■ Provided records:
/---
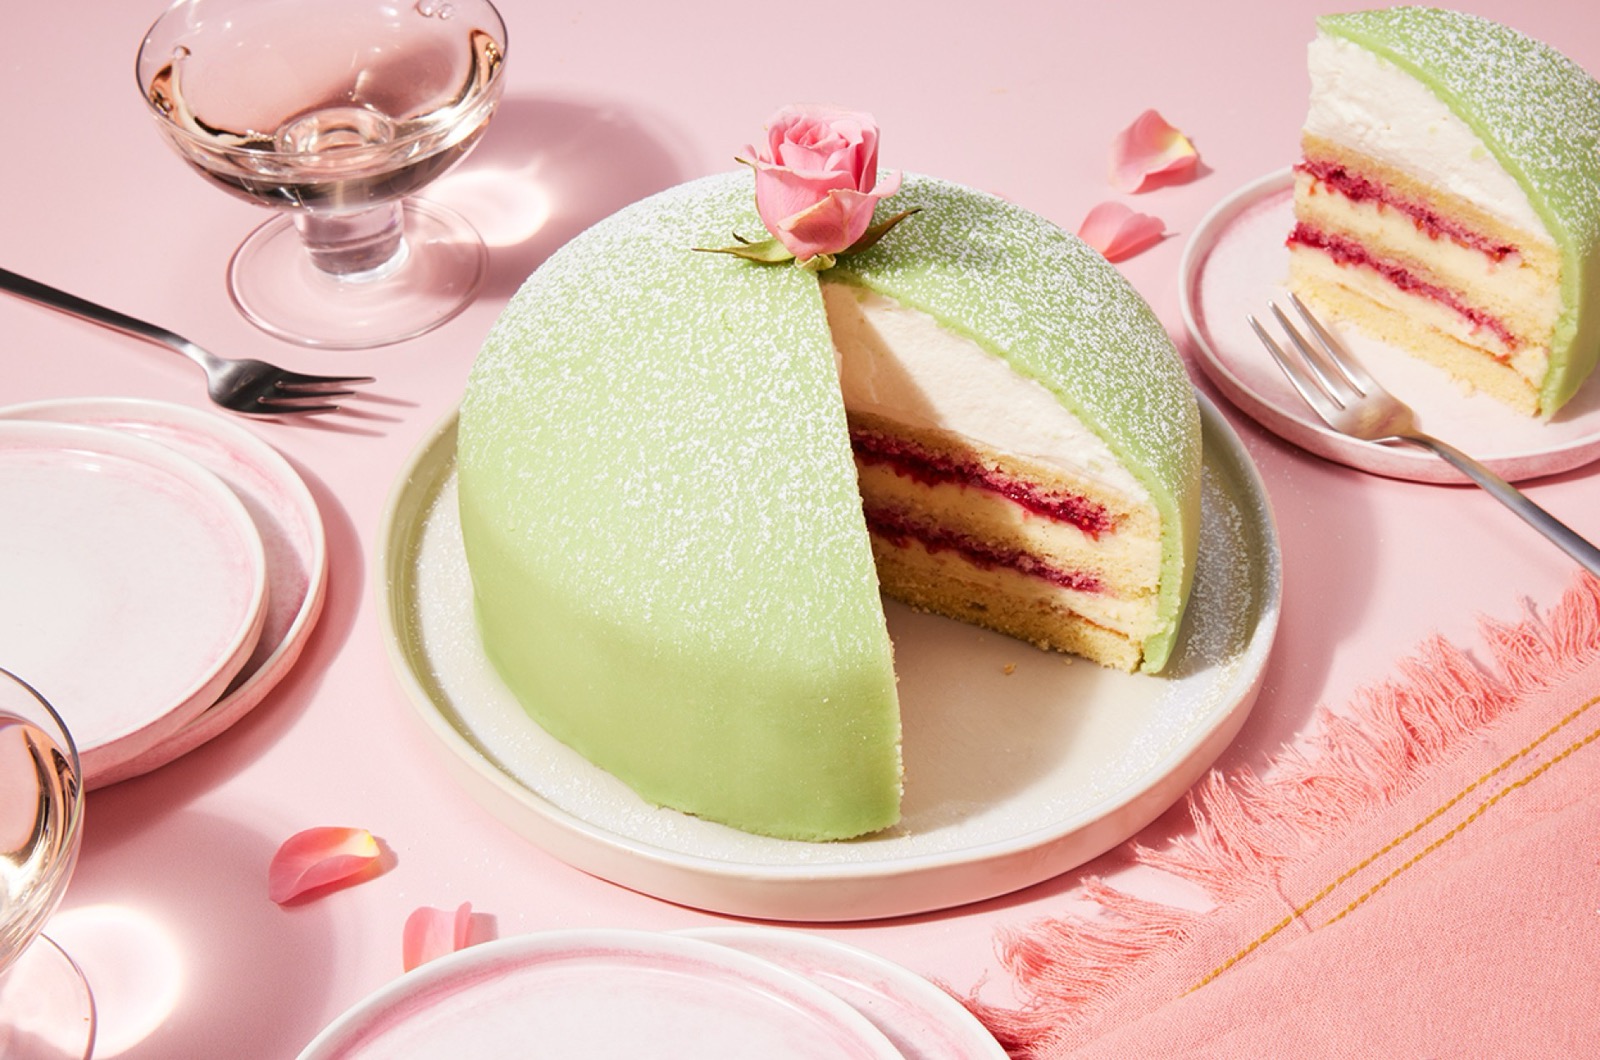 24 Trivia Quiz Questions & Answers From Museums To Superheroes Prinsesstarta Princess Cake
\---
/---
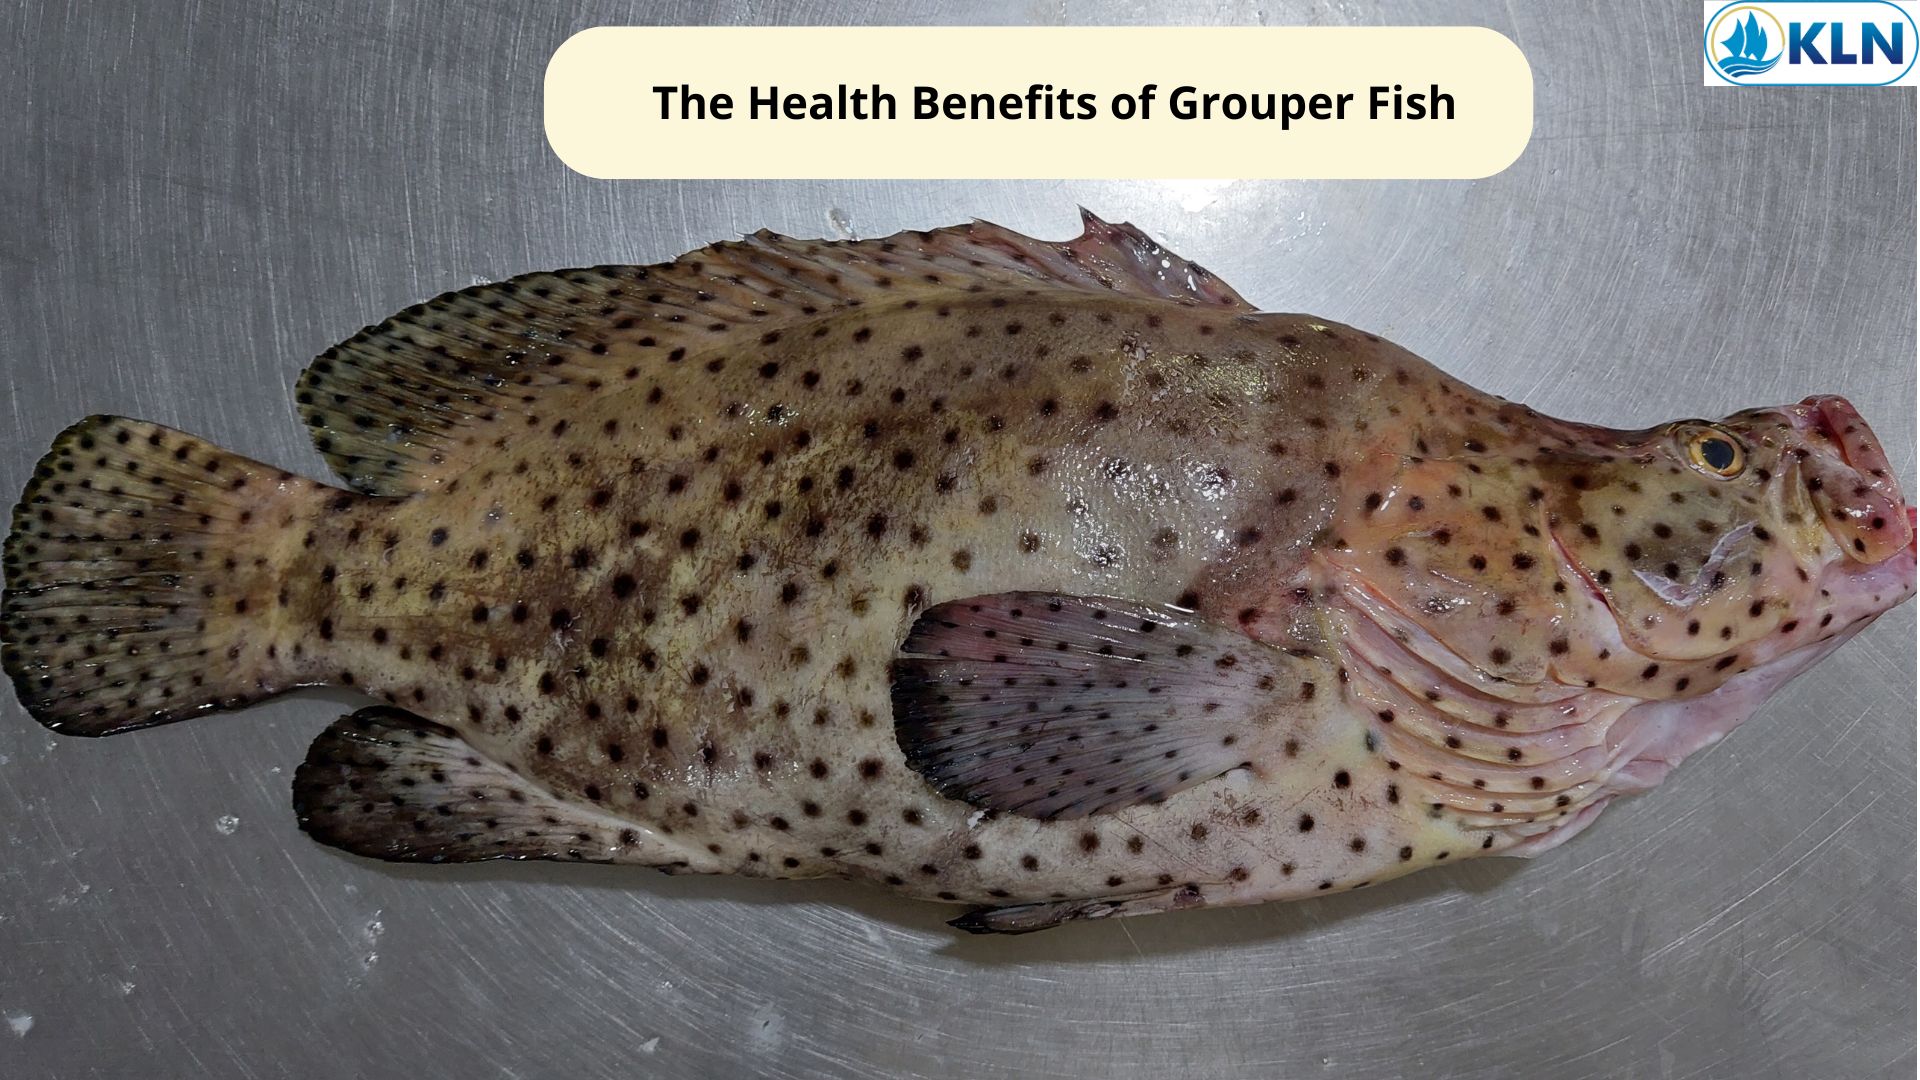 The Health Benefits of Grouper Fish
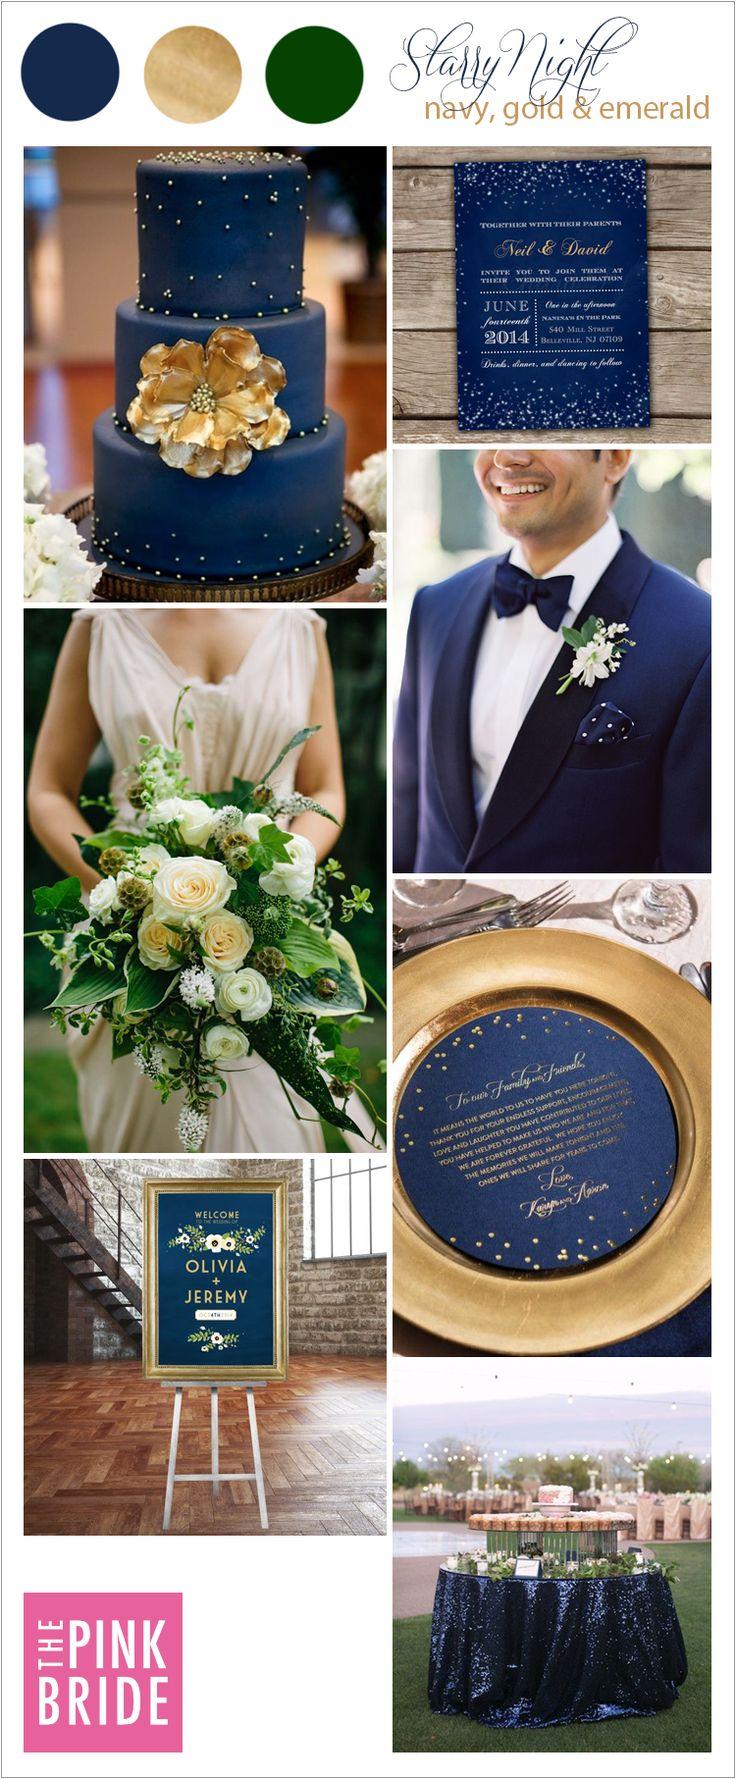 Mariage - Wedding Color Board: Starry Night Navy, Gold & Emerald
\---
/---
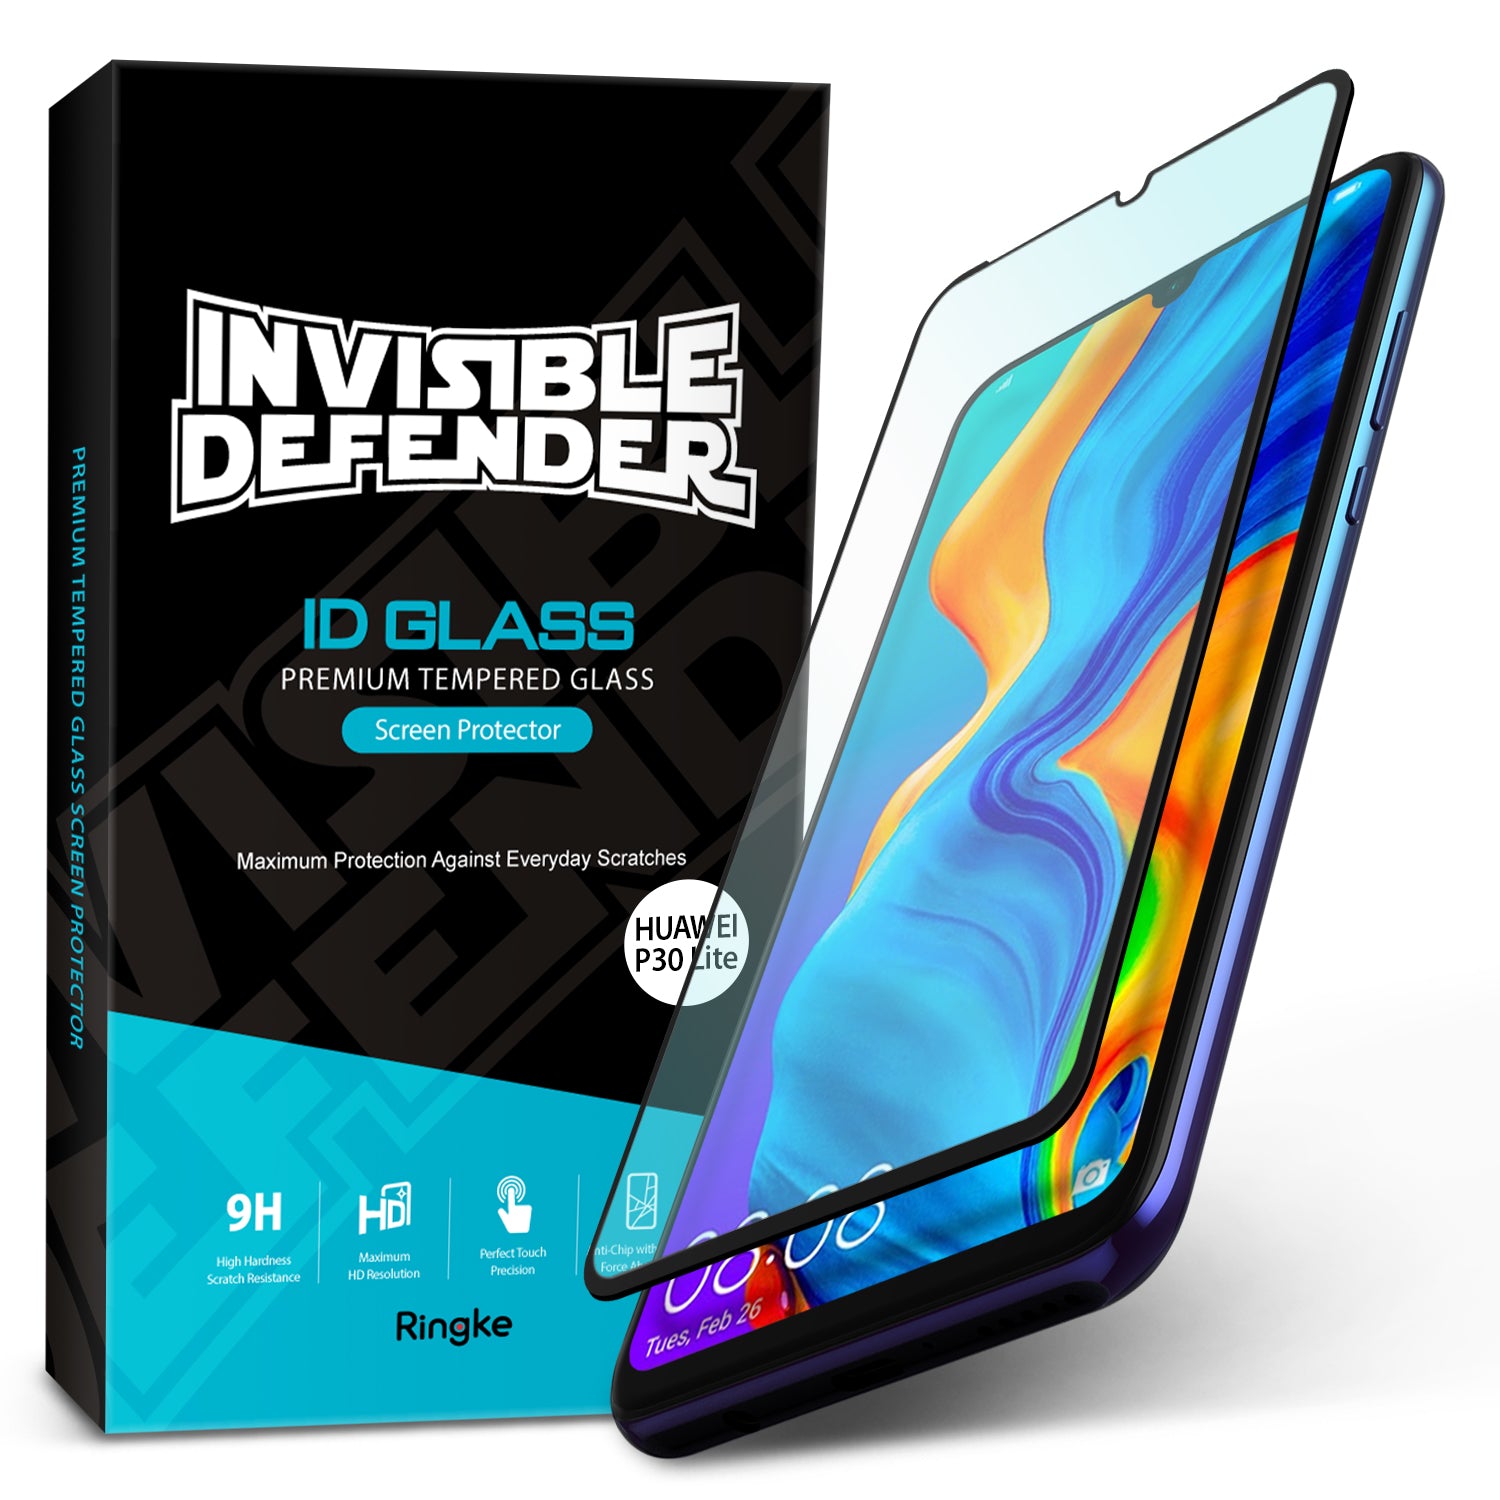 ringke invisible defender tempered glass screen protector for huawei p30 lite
\---
■ What is needed: Copy exactly the lines of the listing above between the one holding "The Health Benefits of Grouper Fish" and the one holding "Mariage - Wedding", inclusive; omit all pictures.

■ Result of this exercise:
 The Health Benefits of Grouper Fish
 Mariage - Wedding Color Board: Starry Night Navy, Gold & Emerald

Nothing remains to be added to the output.